▶ **EXERCISE**
The listing is to be reproduced exactly, excluding its pictures.
[DATA SEGMENT — start]
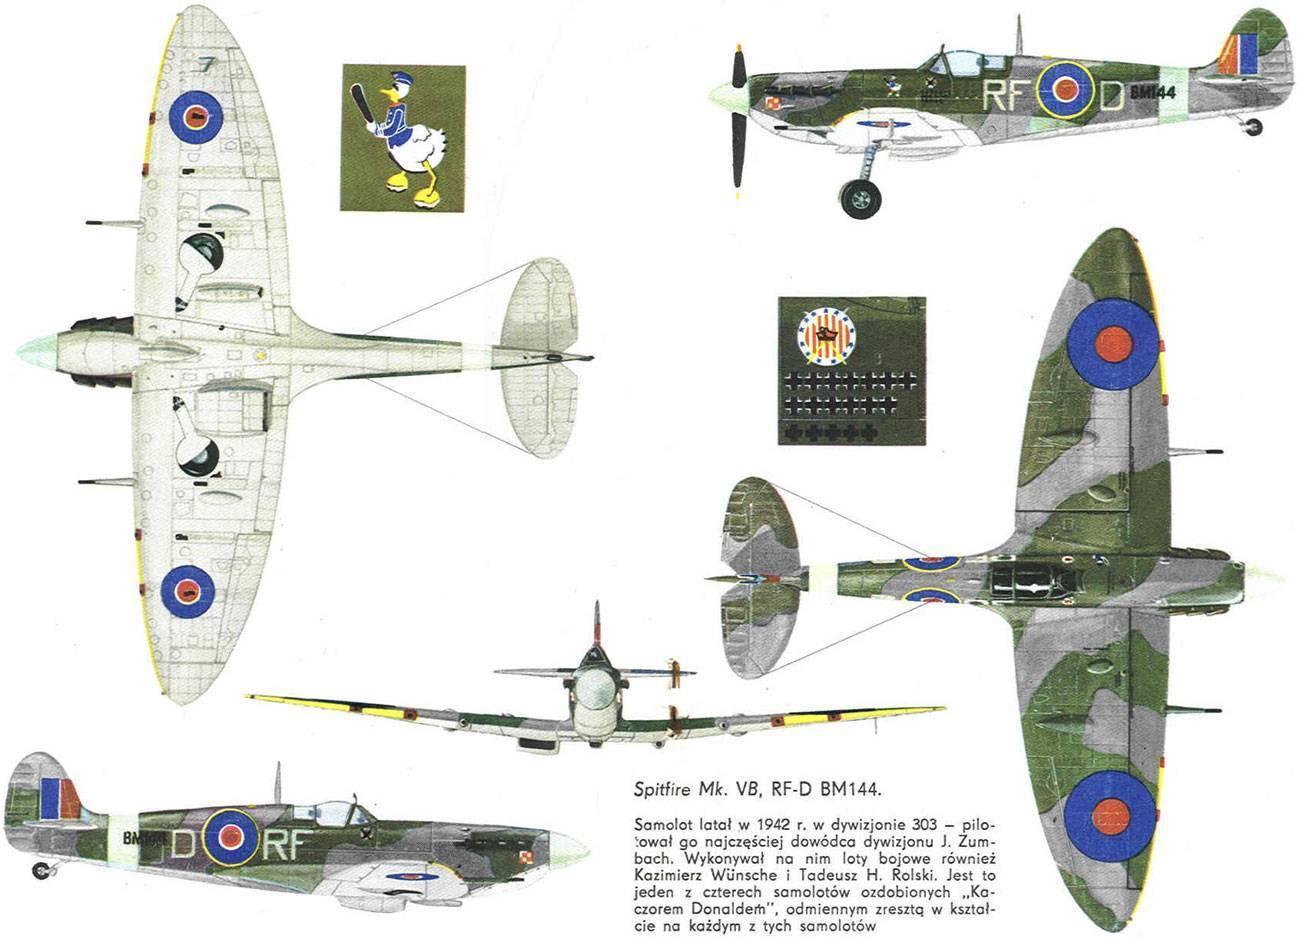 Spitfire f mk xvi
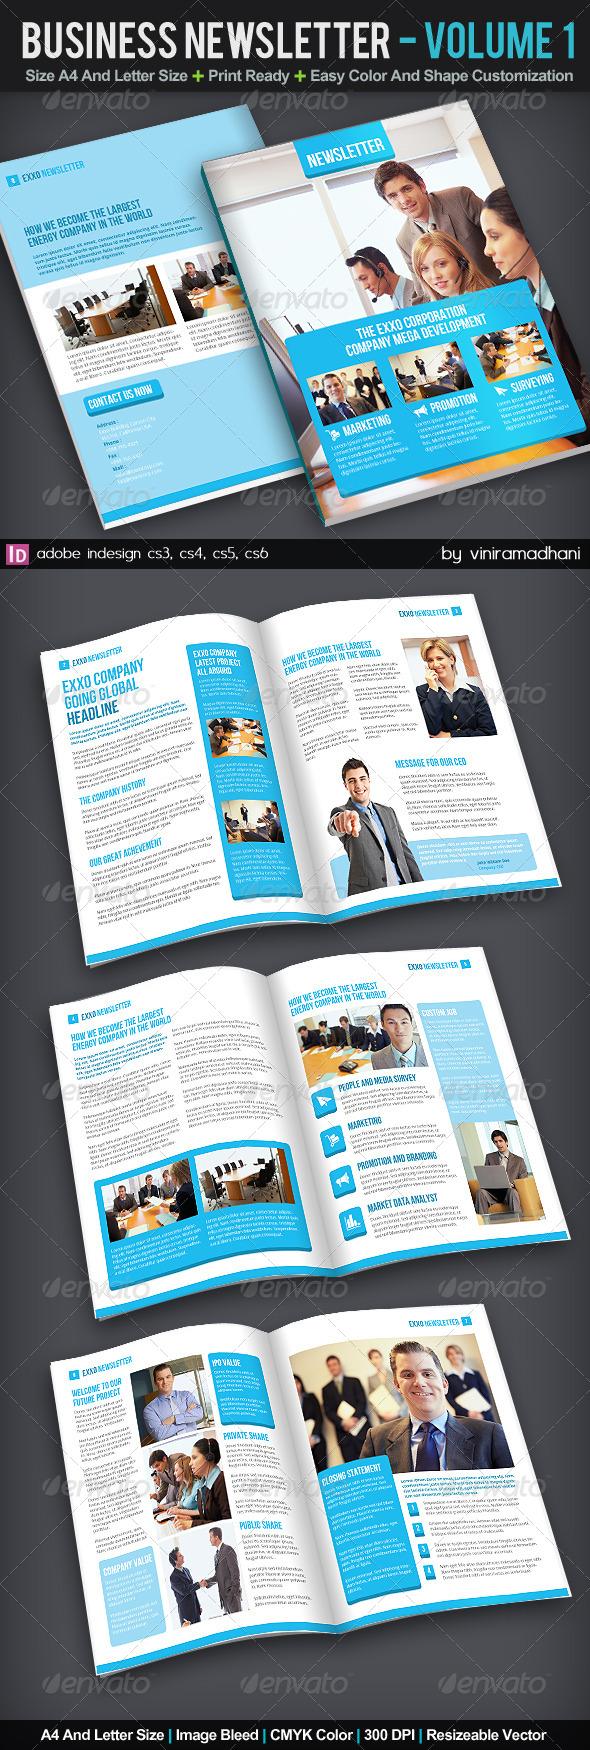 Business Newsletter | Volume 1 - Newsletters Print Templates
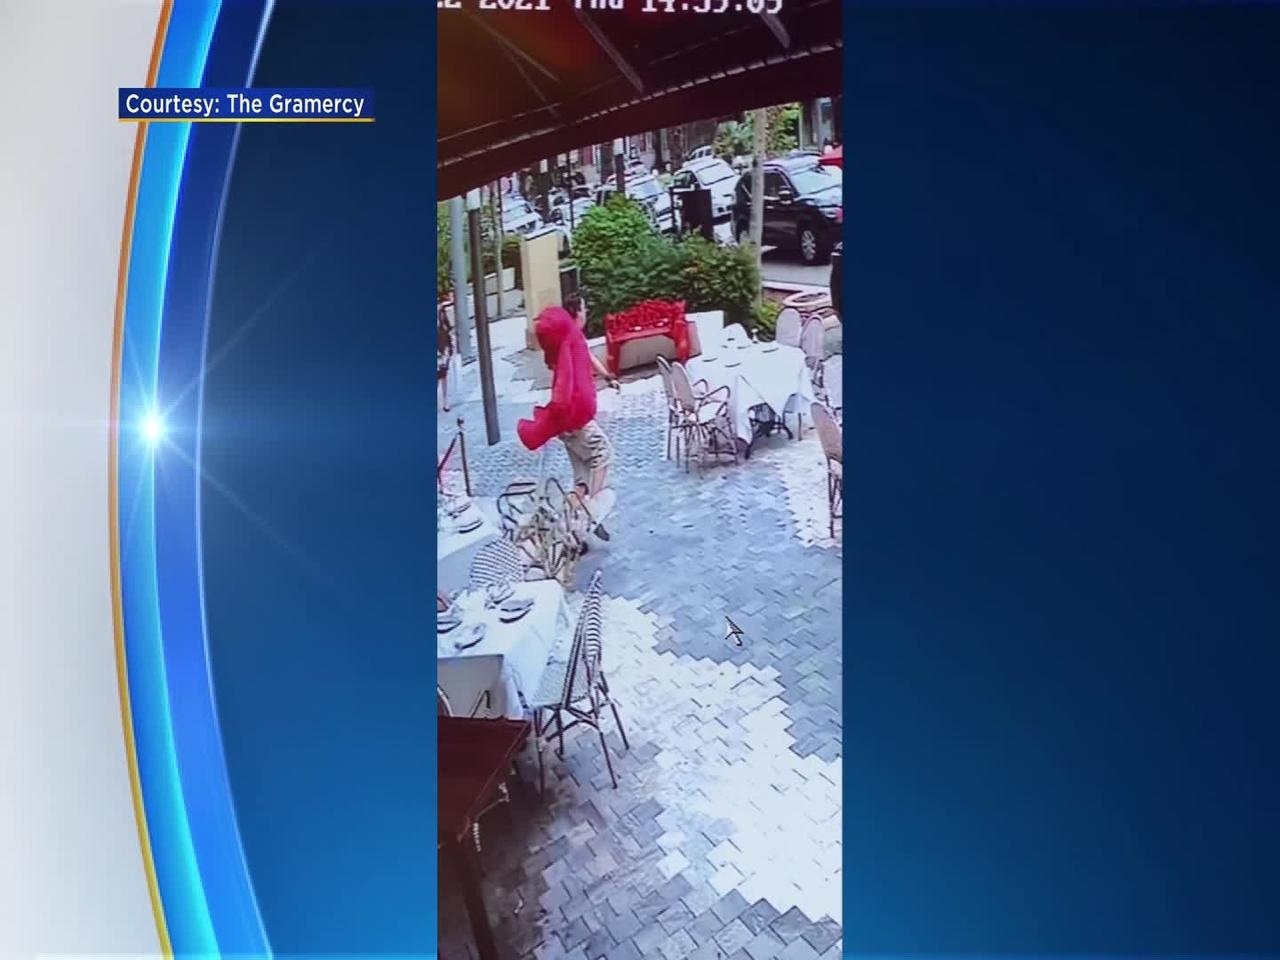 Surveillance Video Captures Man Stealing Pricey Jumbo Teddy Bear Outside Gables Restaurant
[DATA SEGMENT — finish]
▶ **EXERCISE OUTPUT**
 Spitfire f mk xvi
 Business Newsletter | Volume 1 - Newsletters Print Templates
 Surveillance Video Captures Man Stealing Pricey Jumbo Teddy Bear Outside Gables Restaurant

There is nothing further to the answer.